---------- Provided material ----------

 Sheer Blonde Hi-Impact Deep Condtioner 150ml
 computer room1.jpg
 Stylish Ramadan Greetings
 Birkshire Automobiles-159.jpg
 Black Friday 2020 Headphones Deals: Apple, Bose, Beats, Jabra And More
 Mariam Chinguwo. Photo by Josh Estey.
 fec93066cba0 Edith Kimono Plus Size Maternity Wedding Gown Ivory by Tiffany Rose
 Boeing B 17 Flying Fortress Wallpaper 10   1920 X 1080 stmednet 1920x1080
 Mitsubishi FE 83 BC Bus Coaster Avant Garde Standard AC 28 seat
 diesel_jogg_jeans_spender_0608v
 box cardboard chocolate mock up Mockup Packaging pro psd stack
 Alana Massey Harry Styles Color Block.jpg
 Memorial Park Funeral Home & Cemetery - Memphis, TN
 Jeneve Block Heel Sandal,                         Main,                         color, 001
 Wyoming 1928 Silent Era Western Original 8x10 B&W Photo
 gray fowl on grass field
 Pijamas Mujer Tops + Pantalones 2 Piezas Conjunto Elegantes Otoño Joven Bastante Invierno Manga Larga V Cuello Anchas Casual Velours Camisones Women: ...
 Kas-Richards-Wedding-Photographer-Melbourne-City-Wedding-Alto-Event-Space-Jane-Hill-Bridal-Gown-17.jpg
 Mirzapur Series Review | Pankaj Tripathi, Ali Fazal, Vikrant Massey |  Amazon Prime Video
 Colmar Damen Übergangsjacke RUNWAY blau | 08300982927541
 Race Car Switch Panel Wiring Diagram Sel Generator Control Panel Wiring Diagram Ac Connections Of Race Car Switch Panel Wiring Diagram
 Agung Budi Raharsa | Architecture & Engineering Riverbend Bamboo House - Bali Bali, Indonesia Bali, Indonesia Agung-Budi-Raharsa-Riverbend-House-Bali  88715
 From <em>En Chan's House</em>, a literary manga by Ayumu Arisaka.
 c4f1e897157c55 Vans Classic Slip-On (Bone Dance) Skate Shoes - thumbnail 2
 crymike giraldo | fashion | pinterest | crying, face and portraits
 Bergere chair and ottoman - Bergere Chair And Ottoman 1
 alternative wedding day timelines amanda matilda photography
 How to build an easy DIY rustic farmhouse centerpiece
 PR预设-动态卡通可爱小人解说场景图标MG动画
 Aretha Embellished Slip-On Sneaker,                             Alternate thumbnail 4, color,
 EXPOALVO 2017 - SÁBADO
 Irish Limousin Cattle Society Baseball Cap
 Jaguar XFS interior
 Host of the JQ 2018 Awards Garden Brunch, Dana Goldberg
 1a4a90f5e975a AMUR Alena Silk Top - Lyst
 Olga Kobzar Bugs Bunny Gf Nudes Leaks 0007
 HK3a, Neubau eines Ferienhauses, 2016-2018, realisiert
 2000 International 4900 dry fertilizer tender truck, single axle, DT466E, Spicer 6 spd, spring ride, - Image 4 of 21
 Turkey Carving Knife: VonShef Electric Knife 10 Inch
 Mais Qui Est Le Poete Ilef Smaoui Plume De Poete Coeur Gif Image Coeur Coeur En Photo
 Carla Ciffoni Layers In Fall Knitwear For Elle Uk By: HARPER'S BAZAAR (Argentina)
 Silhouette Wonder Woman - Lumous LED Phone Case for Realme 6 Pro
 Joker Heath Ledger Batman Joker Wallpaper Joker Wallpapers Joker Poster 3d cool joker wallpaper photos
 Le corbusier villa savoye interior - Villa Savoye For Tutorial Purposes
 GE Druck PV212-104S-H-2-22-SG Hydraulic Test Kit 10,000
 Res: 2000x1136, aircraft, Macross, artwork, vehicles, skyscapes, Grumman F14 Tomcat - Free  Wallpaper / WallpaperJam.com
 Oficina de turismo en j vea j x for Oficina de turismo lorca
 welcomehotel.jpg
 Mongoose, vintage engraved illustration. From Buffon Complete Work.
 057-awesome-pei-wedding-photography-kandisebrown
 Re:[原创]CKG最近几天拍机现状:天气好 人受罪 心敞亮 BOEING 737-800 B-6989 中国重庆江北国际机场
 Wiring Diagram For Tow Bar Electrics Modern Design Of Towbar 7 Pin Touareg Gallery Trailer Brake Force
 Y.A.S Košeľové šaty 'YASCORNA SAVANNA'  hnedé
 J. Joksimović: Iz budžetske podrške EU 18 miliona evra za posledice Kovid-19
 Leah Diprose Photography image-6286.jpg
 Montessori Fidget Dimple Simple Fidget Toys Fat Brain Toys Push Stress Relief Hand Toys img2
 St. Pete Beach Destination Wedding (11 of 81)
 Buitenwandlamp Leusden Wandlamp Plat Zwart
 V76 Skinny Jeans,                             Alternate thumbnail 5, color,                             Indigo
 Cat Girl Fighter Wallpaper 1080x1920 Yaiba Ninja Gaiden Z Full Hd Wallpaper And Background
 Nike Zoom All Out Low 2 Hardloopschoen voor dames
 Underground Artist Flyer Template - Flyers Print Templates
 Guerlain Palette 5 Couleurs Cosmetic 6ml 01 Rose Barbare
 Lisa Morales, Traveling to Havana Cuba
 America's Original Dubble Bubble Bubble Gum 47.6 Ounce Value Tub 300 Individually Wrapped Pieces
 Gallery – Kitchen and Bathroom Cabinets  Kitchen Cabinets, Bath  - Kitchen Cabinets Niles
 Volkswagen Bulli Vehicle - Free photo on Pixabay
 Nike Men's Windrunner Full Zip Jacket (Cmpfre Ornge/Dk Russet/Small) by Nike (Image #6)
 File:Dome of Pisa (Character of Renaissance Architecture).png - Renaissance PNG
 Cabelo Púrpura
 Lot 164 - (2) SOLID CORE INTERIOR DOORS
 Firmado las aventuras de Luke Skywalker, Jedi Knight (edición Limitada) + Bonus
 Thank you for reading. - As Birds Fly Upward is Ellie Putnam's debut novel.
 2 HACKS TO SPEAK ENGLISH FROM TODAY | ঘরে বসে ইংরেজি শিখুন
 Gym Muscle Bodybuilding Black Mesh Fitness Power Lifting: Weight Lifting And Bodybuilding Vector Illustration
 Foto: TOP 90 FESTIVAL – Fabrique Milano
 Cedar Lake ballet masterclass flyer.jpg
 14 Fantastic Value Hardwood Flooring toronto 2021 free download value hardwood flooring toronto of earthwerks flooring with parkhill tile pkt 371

----------

Return the number of lines in the records holding the string "Gown", without any other words.

2